[The data]
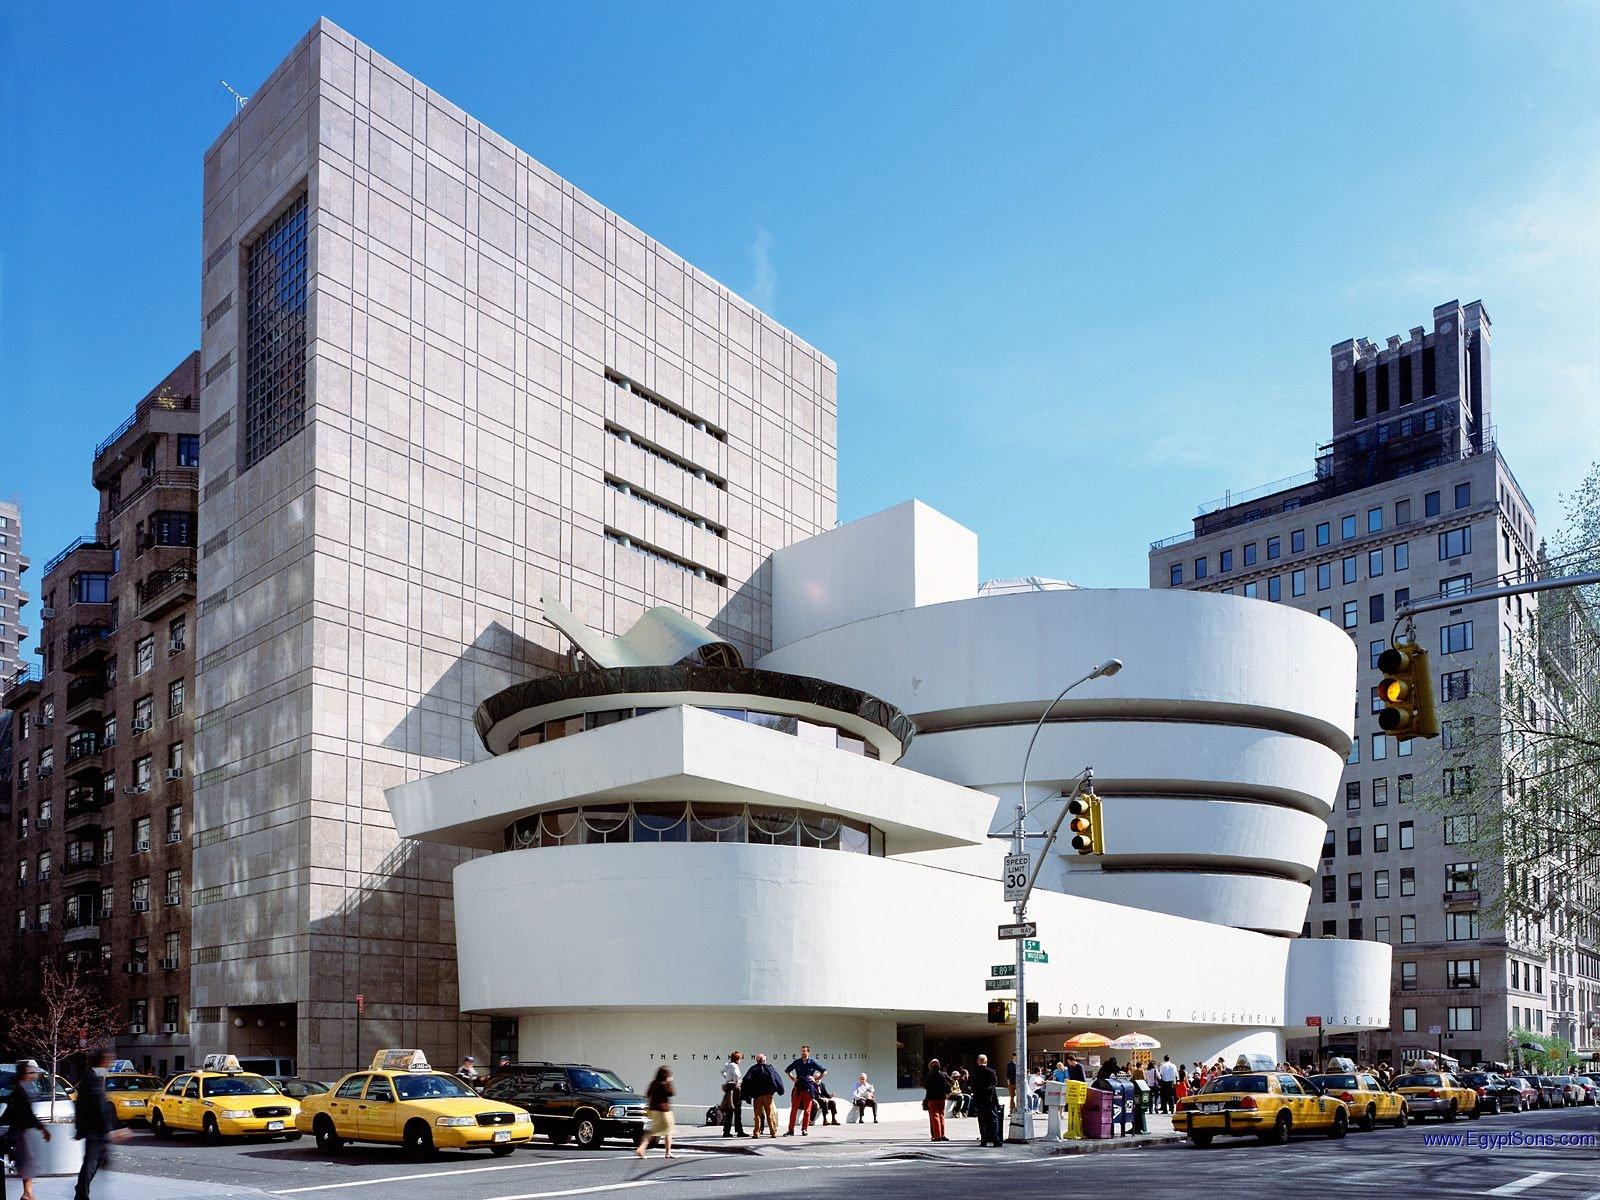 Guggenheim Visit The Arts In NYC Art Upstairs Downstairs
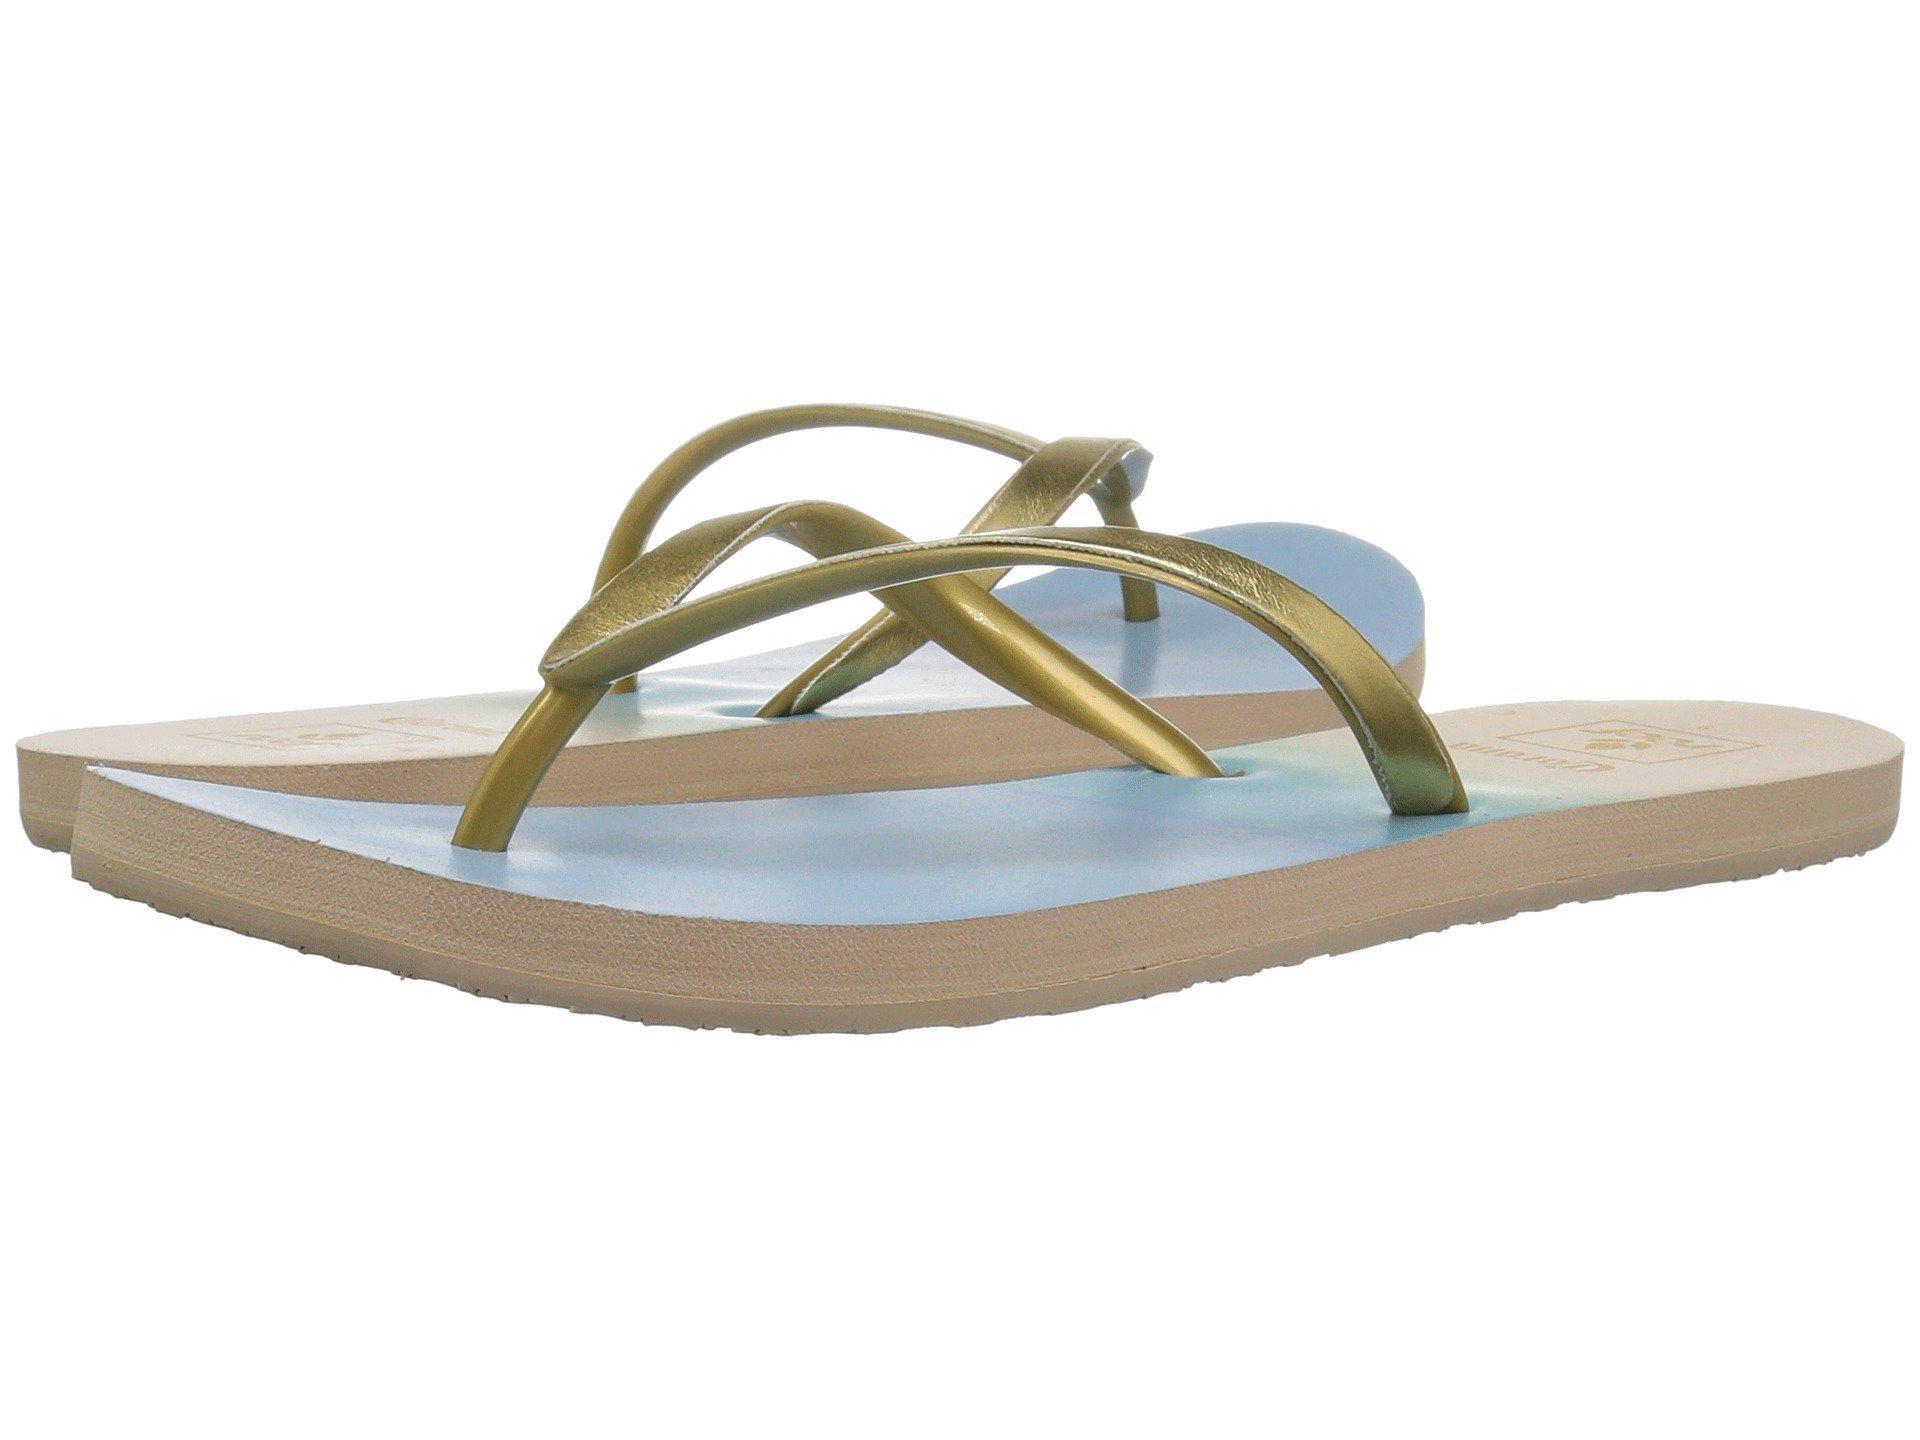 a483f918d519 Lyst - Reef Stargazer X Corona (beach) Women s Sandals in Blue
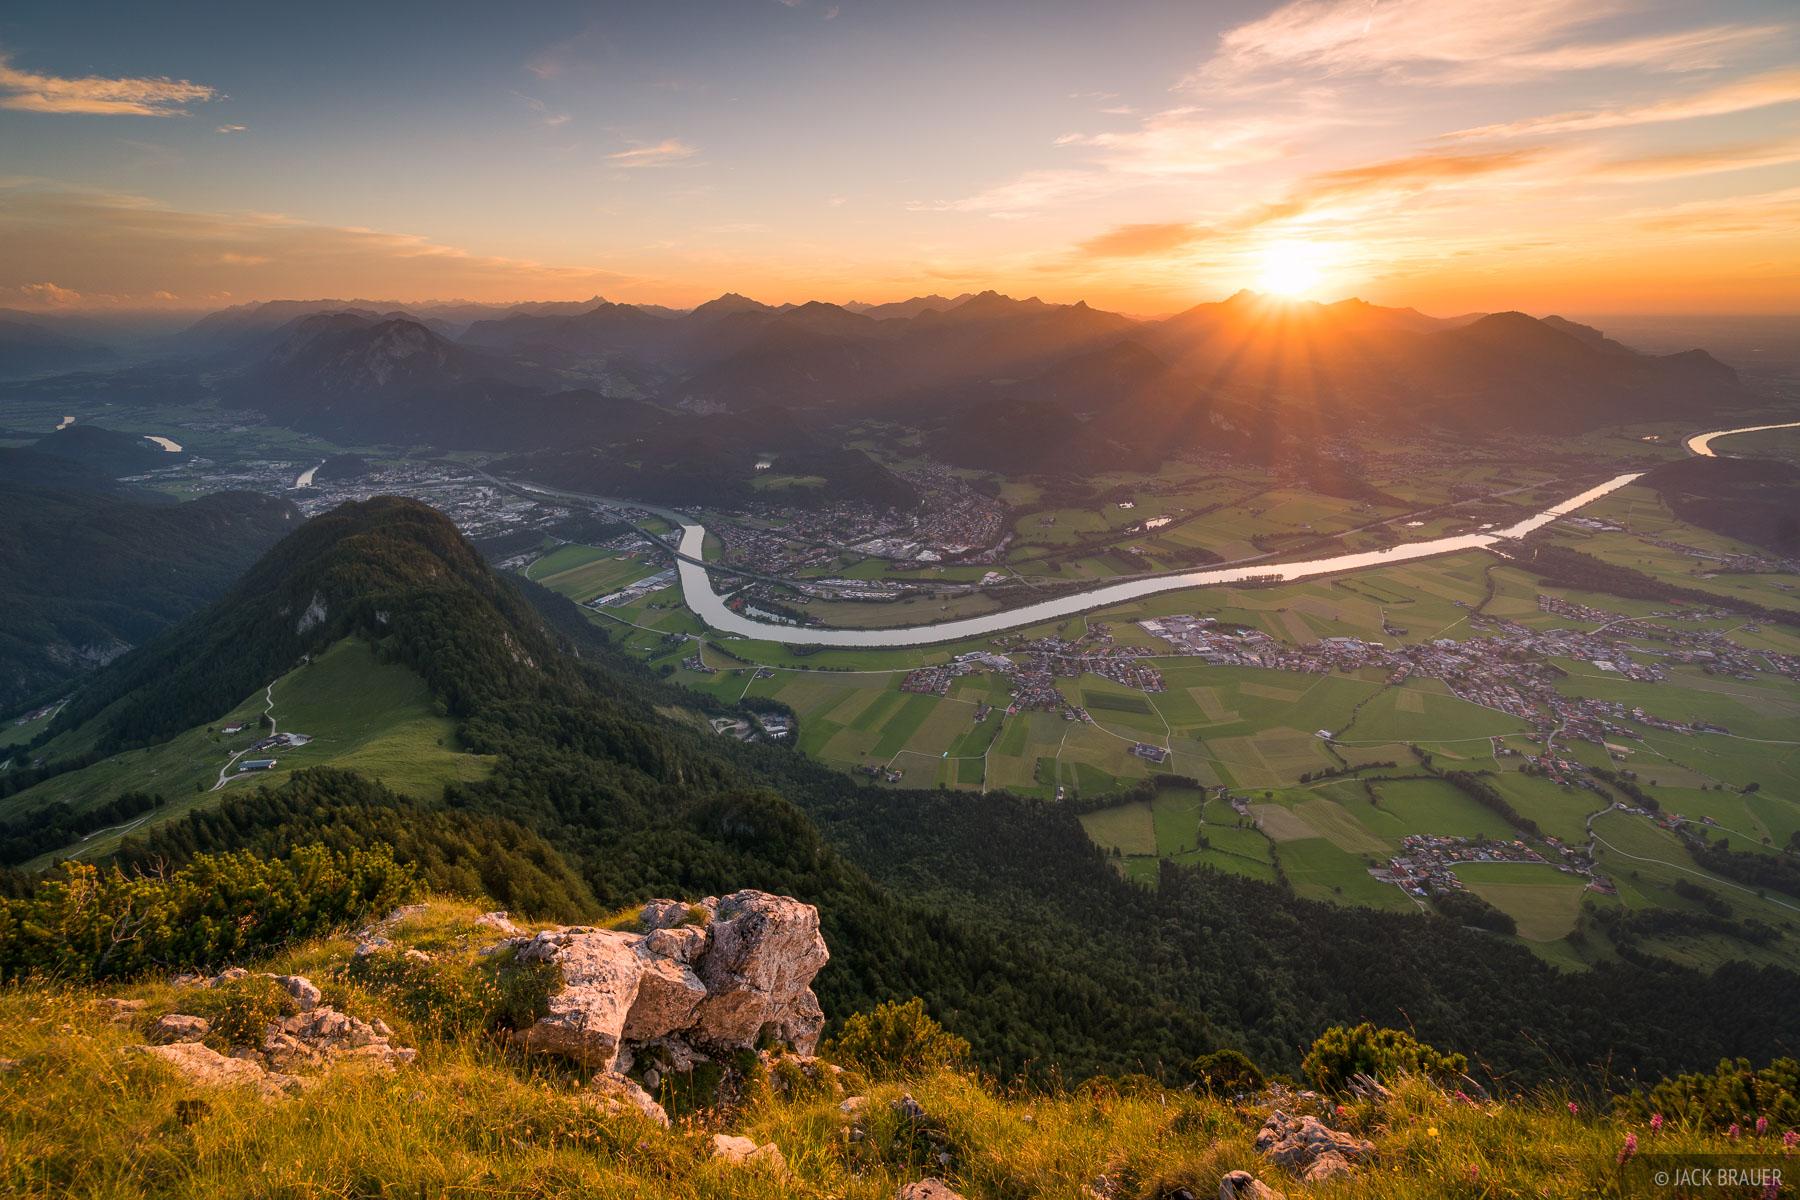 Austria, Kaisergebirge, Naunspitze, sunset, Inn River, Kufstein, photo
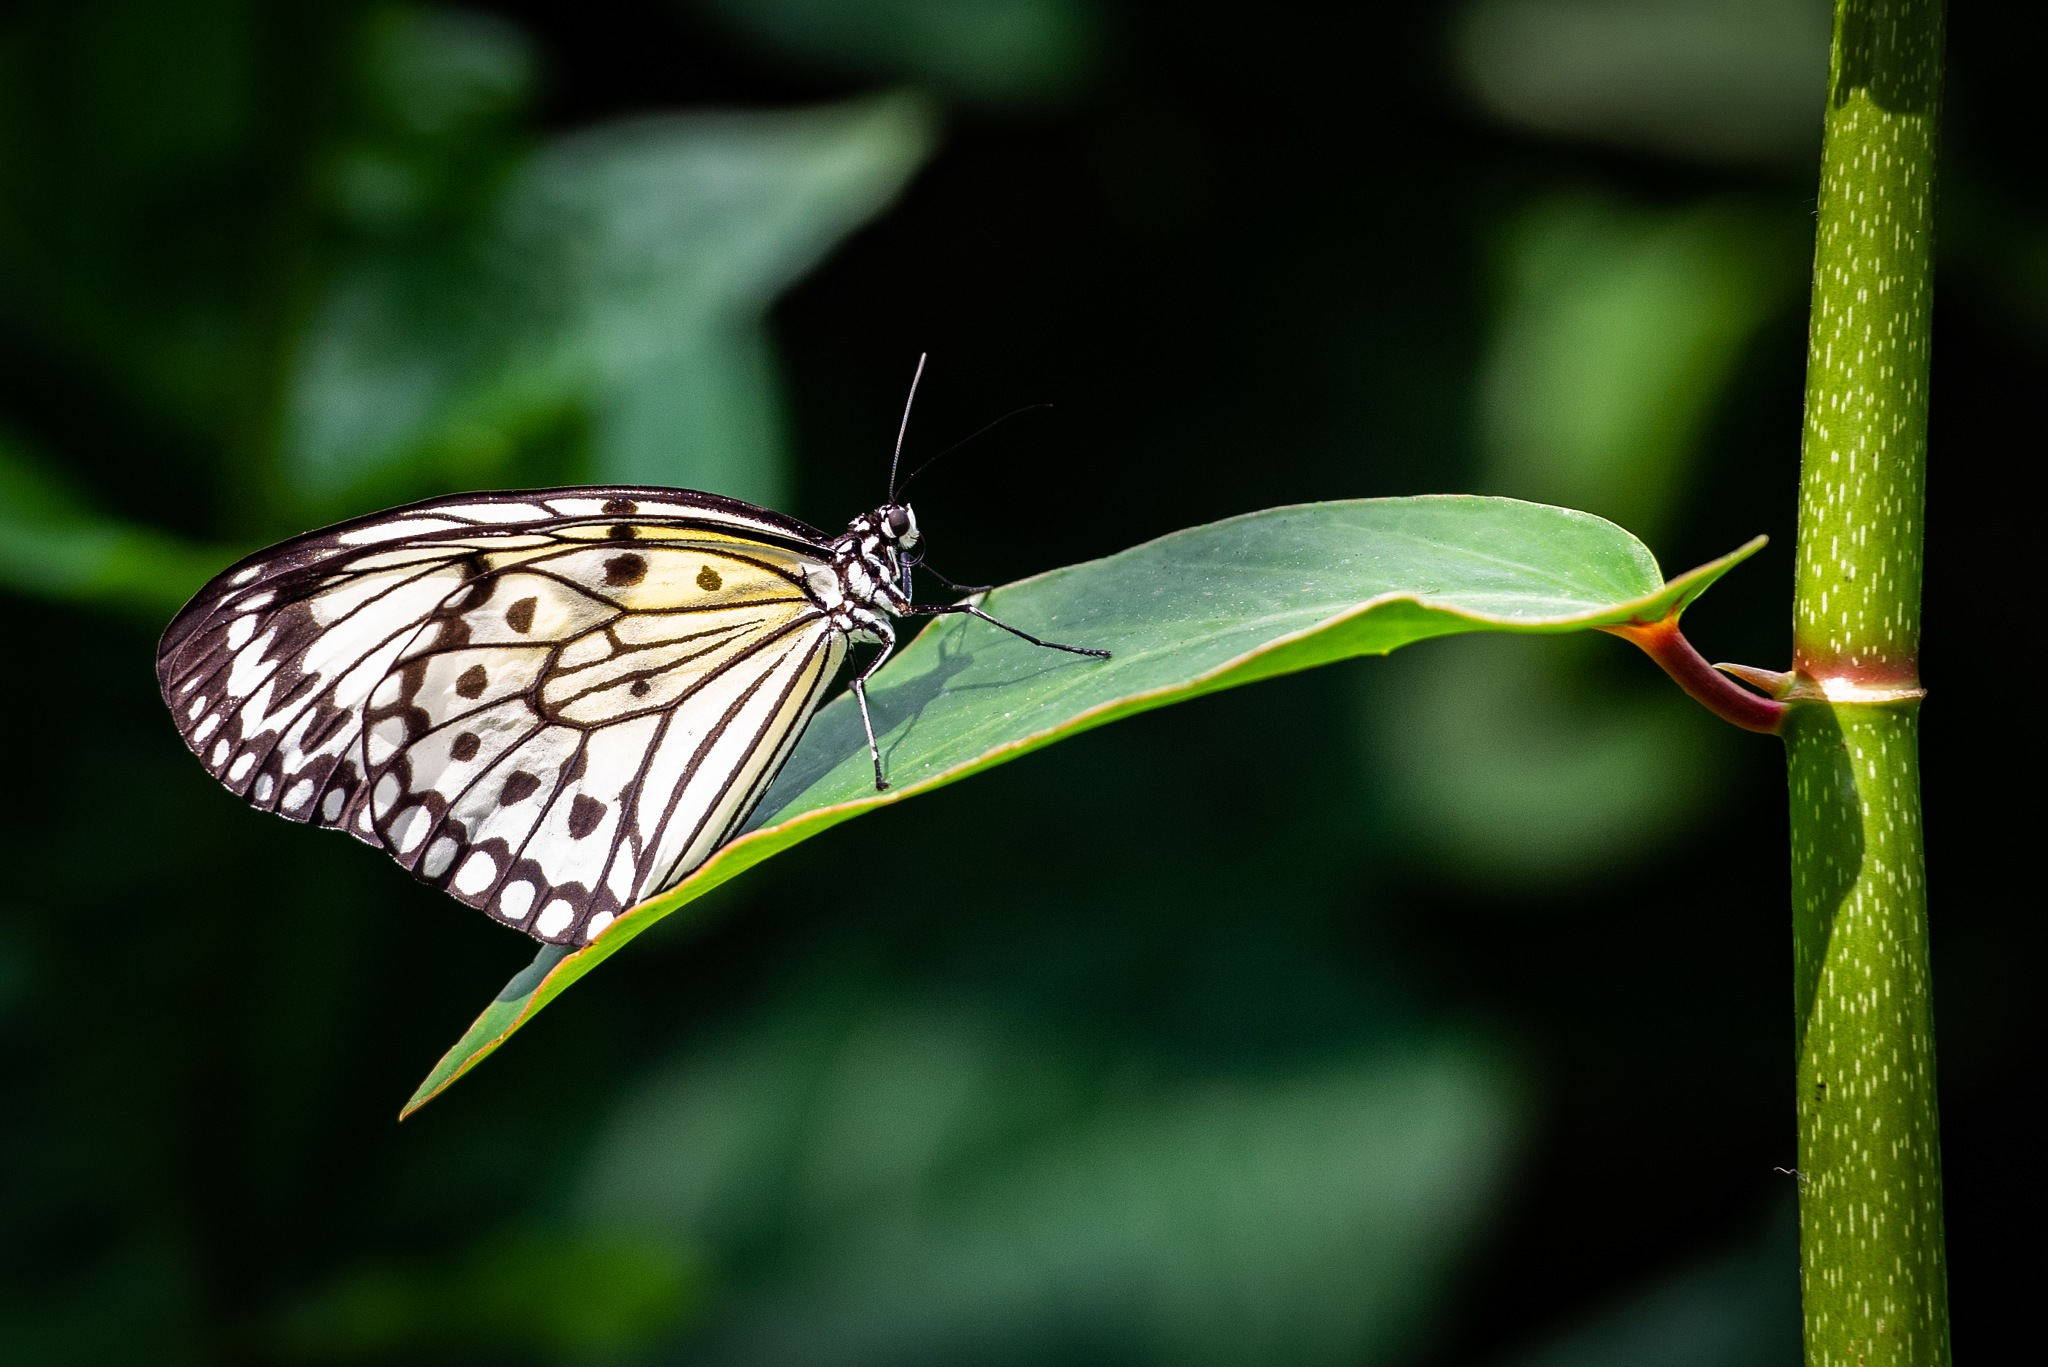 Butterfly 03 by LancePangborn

[Directions]
Return every line shown above without changing a word, and skip the pictures.

[Answer space]
 Guggenheim Visit The Arts In NYC Art Upstairs Downstairs
 a483f918d519 Lyst - Reef Stargazer X Corona (beach) Women s Sandals in Blue
 Austria, Kaisergebirge, Naunspitze, sunset, Inn River, Kufstein, photo
 Butterfly 03 by LancePangborn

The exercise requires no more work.